If there was in fact unlawful distribution of those 93 songs by iTunes, couldn't Eight Mile Style sue Apple for 93 songs * 150,000 dollars per song for $14.4 million? It seems like this would be the same case as that unfortunate lady who was caught for distributing those 24 songs, and has that judgment against her in the millions of dollars.

I don't see why Eight Mile Style wouldn't do that, unless there are double standards...

This message has been edited since its posting. Latest edit was made on 23 Sep 2009 @ 22:20

223.9.2009 23:41

Originally posted by logola:
If there was in fact unlawful distribution of those 93 songs by iTunes, couldn't Eight Mile Style sue Apple for 93 songs * 150,000 dollars per song for $14.4 million? It seems like this would be the same case as that unfortunate lady who was caught for distributing those 24 songs, and has that judgment against her in the millions of dollars.

I don't see why Eight Mile Style wouldn't do that, unless there are double standards...

In fairness, since there's no evidence Apple thought what they were doing was illegal the appropriate range would be $750 to $30,000. :-|

324.9.2009 6:24

Actualy, the lower fine rate (up to $30,000 PER TRACK) is assuming that you did not know that the media was being distributed (like if a hacker turned your PC into a server). Apple knew the tracks were being distributed, and should be fined $150,000 per track per download...that's only fair. ;-)

424.9.2009 13:05

Originally posted by KillerBug:
Actualy, the lower fine rate (up to $30,000 PER TRACK) is assuming that you did not know that the media was being distributed (like if a hacker turned your PC into a server). Apple knew the tracks were being distributed, and should be fined $150,000 per track per download...that's only fair. ;-)

Except more than $30,000 requires that you believe it to be illegal, not just that it is. And an album (or partial album I believe) counts as a single work.

528.9.2009 17:55

Let's be blunt here, Eminem signed contract with Aftermath stating that they would legally 'own' these master tracks. That gives Aftermath full distribution rights. Now, if Eminem has been recording albums under his own label, through some kind of partnership with Aftermath... He might have been wise to have an attorney check to see what privelages the recording company is given.

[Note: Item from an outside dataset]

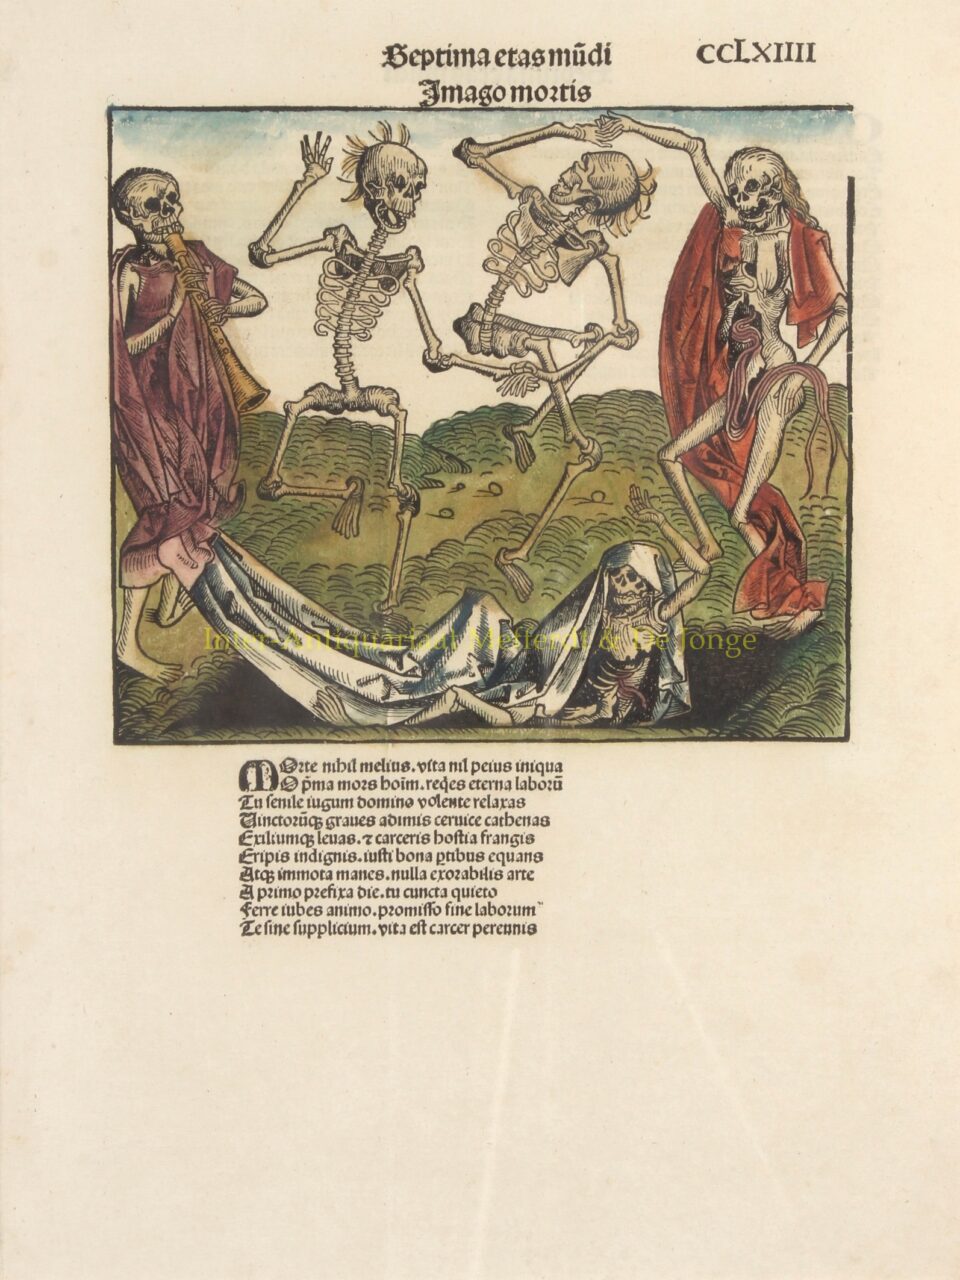 Dance of Skeletons - Michael Wolgemut

Let's cut to the chase: Aftermath made a LOT of money off this, and anyone can tell you that if you make a lot of money on someone else's work, you better be darn sure that you've got the full legal right to do so. And I'm certain that Aftermath had attorney's double check (And probably write) the contract that Eminem agreed to. Granted, the artist and his own releasing label may not have 'noticed' the rights they were giving away because Aftermath wasn't physically printing discs for retail... But that's their own fault.

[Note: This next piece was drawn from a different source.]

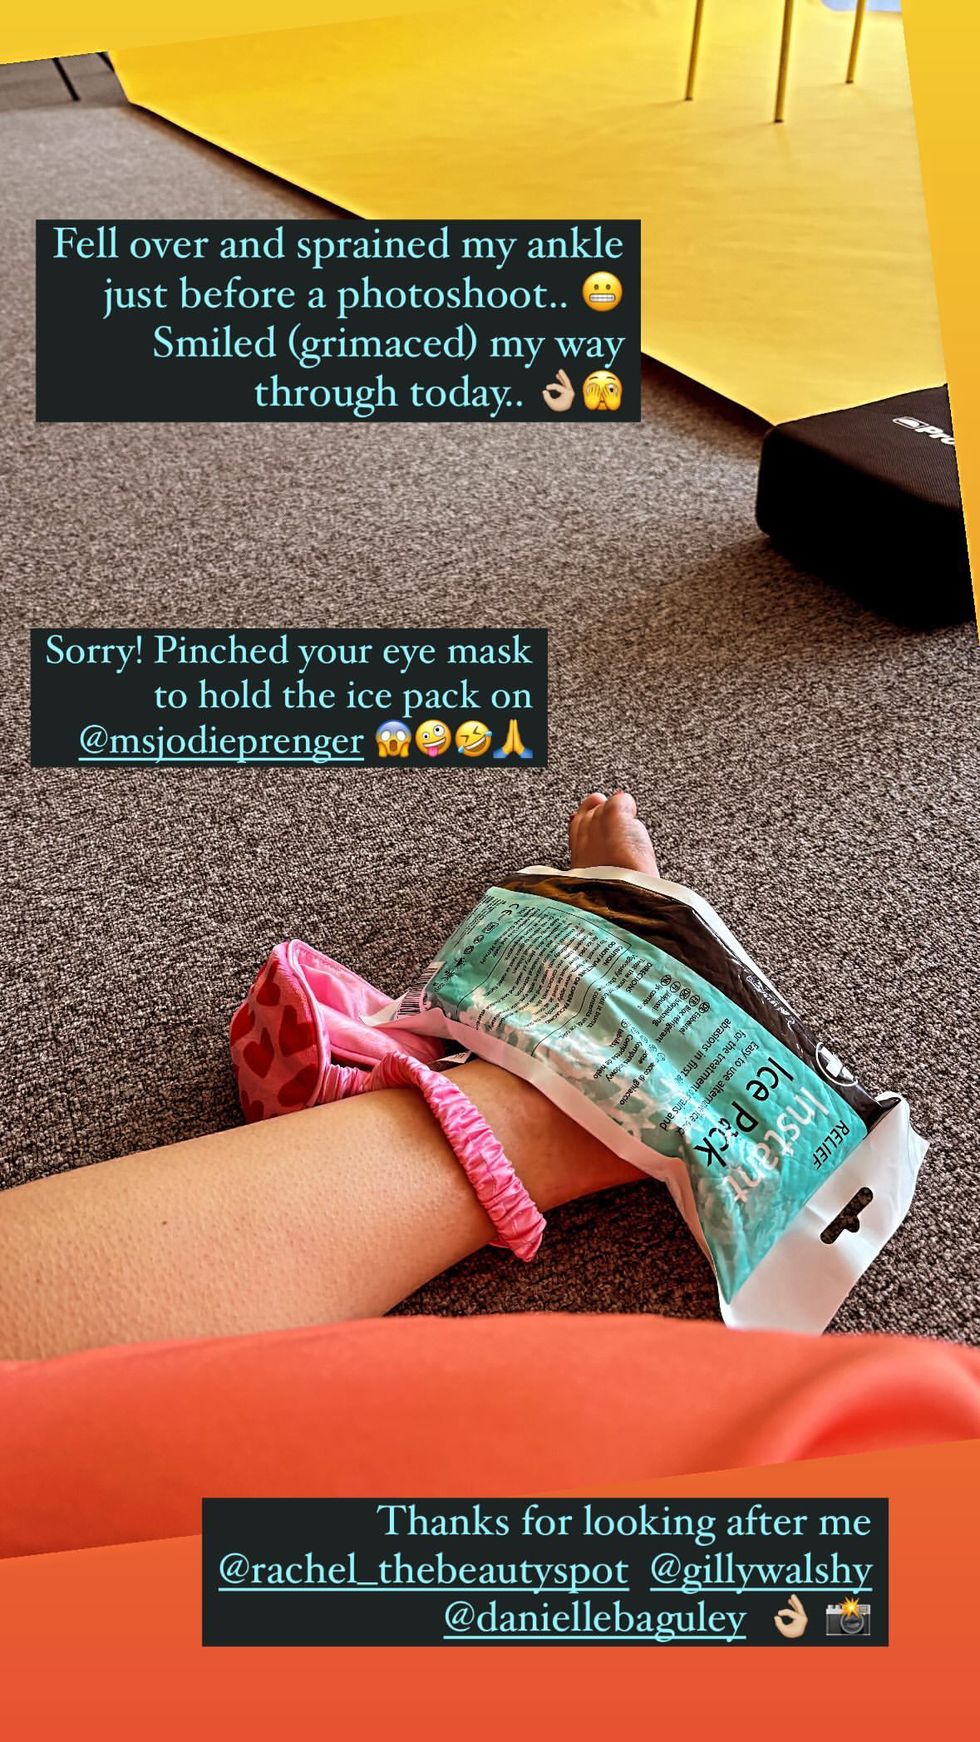 Samia Longchambon teilt ihren verstauchten Knöchel in ihren Instagram-Geschichten

Furthermore, trying to take APPLE to court over this is nothing more than a publicity stunt, and an attempt to scare a big company into giving up some free money. The claims for a percentage of sales on iPods is ridiculous. If you want to see how many iPods were sold "because of Eminem's music", you could see what ratio of iPod owners downloaded one of his 93 tracks within the first week of purchasing one. I'm sure the ratio would be pretty low. And that's not a strike against his music, I listen to a WIDE variety of music, and I'll admit that he's a talented and sometimes rather amusing artist. I'm not saying he doesn't have talent or deserve some respect as a musician, he absolutely does, just like any other artist out there.

Let's consider this... 'Just like any other artist out there'. So take those same consumers who downloaded his tracks within a week or two of buying their iPod.... They probably downloaded a good number of other artists too. Should all of those artists get a huge stake in the iPod? Oh, wait, if all of them got that kind of a cut, Appl would be throwing every penny they have at artists.